Cell Mol Gastroenterol Hepatol

Key Laboratory of Carcinogenesis and Translational Research, (Ministry of Education/Beijing), Department of Cell Biology, Peking University Cancer Hospital and Institute, Beijing, P.R. China. Electronic address:

Published: January 2023

Background & Aims: Tumor-initiating cells (TICs) drive pancreatic cancer tumorigenesis, therapeutic resistance, and metastasis. However, TICs are highly plastic and heterogenous, which impede the robust identification and targeted therapy of such a population. The aim of this study is to identify the surface marker and therapeutic target for pancreatic TICs.

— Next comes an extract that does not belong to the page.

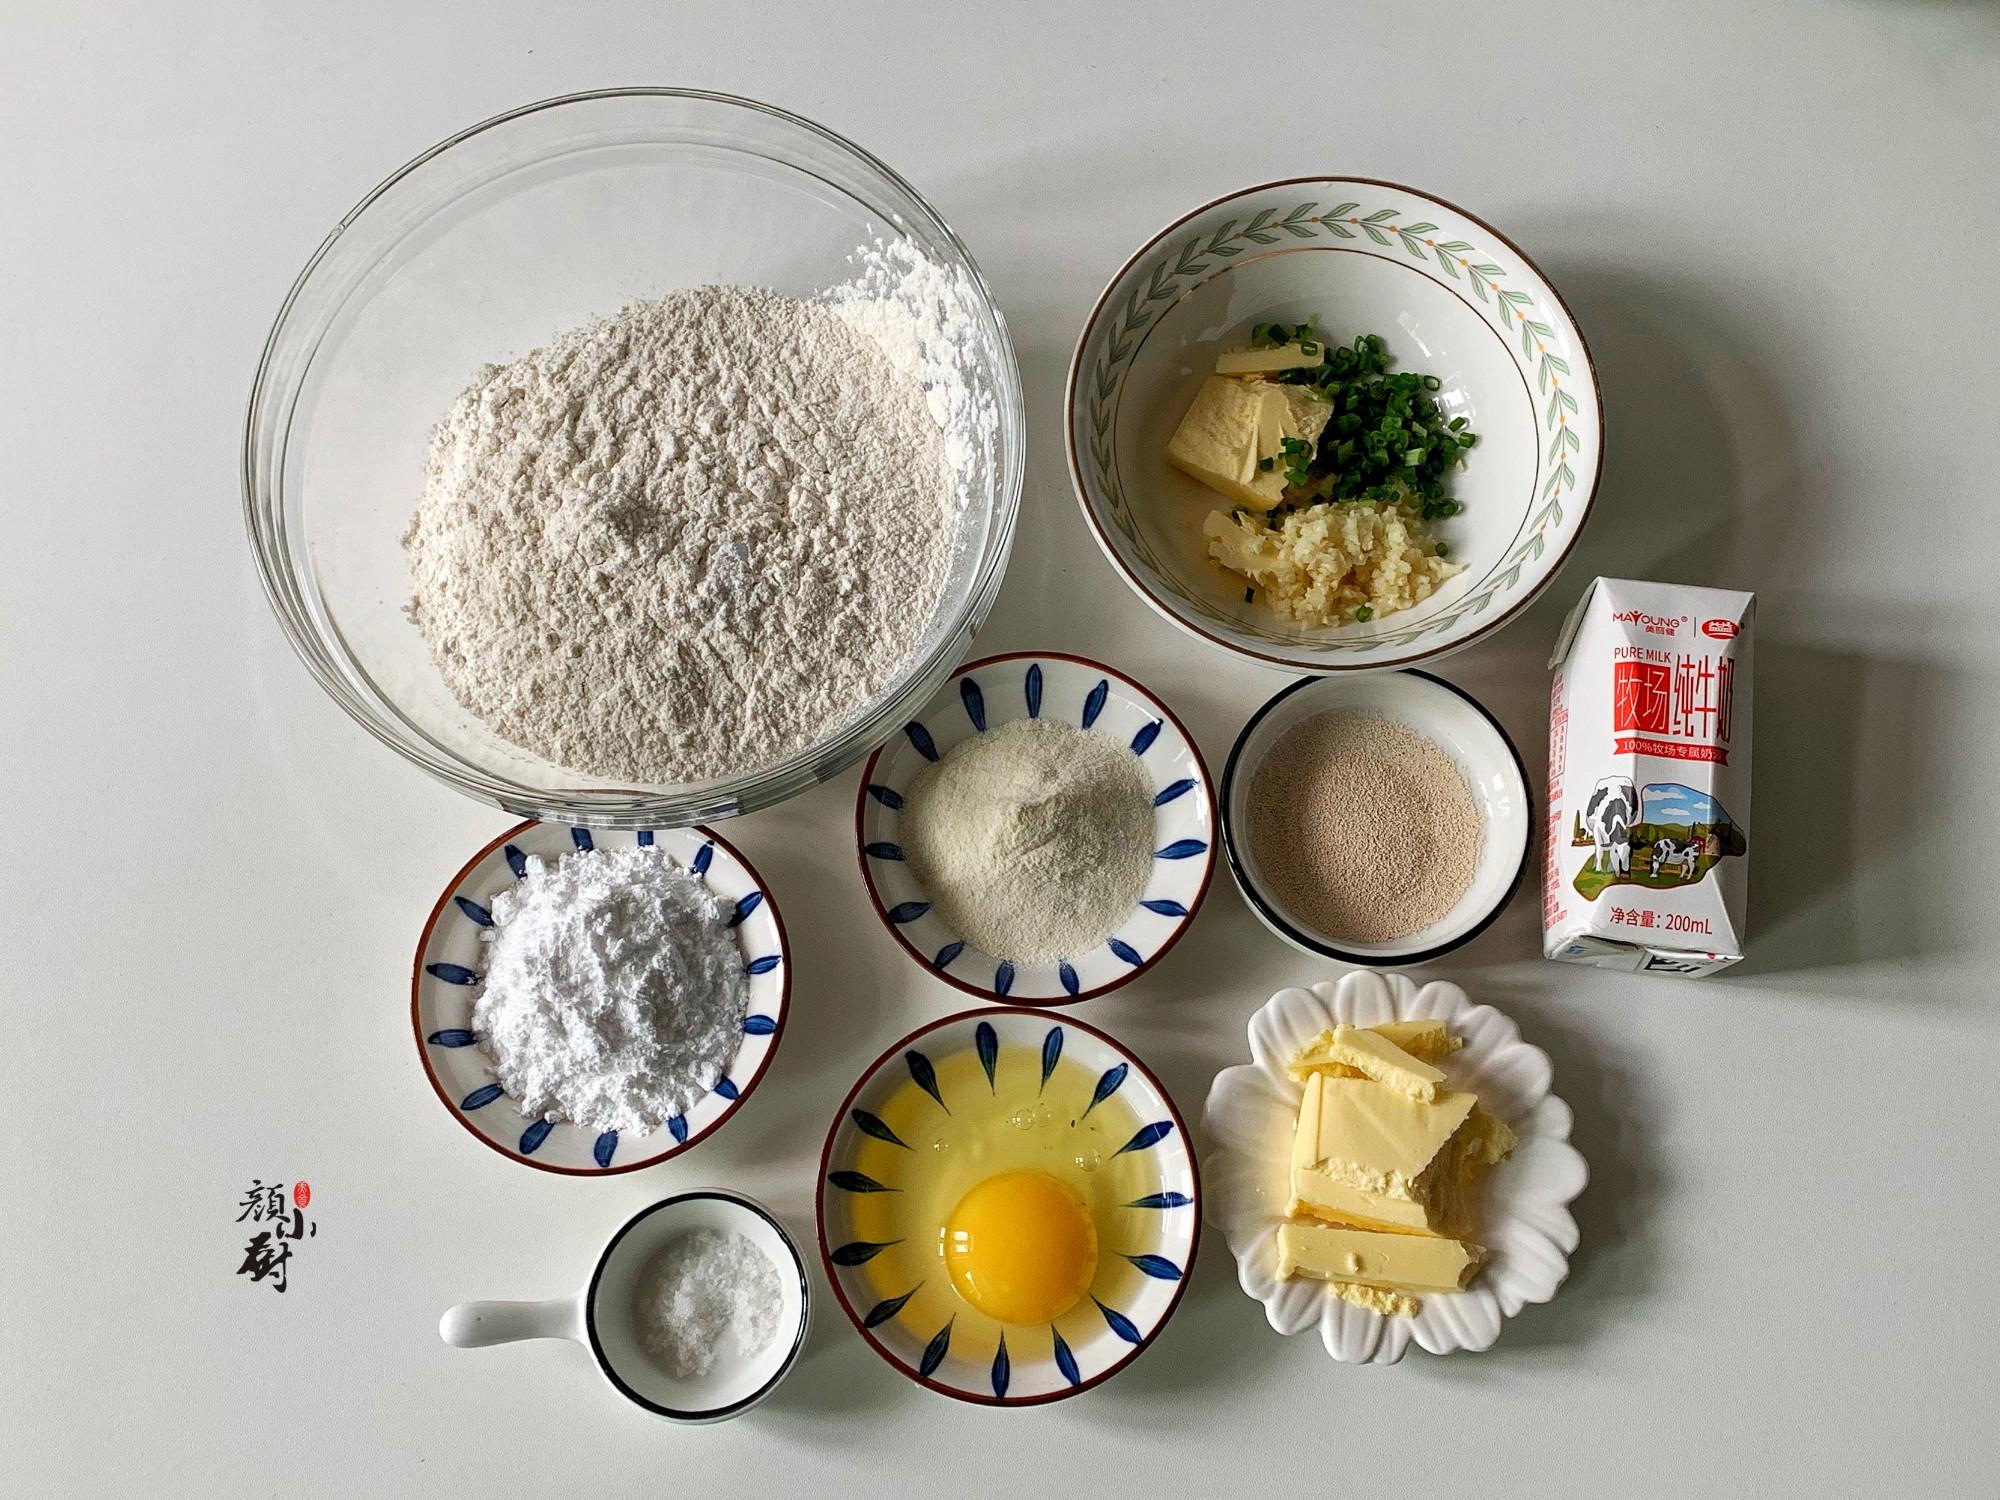 麵包這做法火了,蒜香濃郁,鬆軟拉絲,️一上桌就掃光

Methods: We isolated voltage-gated calcium channel α2δ1 subunit (isoform 5)-positive subpopulation from pancreatic cancer cell lines and freshly resected primary tissues by fluorescence-activated cell sorting and evaluated their TIC properties by spheroid formation and tumorigenic assays. Coimmunoprecipitation was used to identify the direct substrate of CaMKⅡδ.

Results: We demonstrate that the voltage-gated calcium channel α2δ1 subunit (isoform 5) marks a subpopulation of pancreatic TICs with the highest TIC frequency among the known pancreatic TIC markers tested. Furthermore, α2δ1 is functionally sufficient and indispensable to promote TIC properties by mediating Ca influx, which activates CaMKⅡδ to directly phosphorylate PKM2 at T454 that results in subsequent phosphorylation at Y105 to translocate into nucleus, enhancing the stem-like properties. Interestingly, blocking α2δ1 with its specific antibody has remarkably therapeutic effects on pancreatic cancer xenografts by reducing TICs.

Conclusions: α2δ1 promotes pancreatic TIC properties through sequential phosphorylation of PKM2 mediated by CaMKⅡδ, and targeting α2δ1 provides a therapeutic strategy against TICs for pancreatic cancer.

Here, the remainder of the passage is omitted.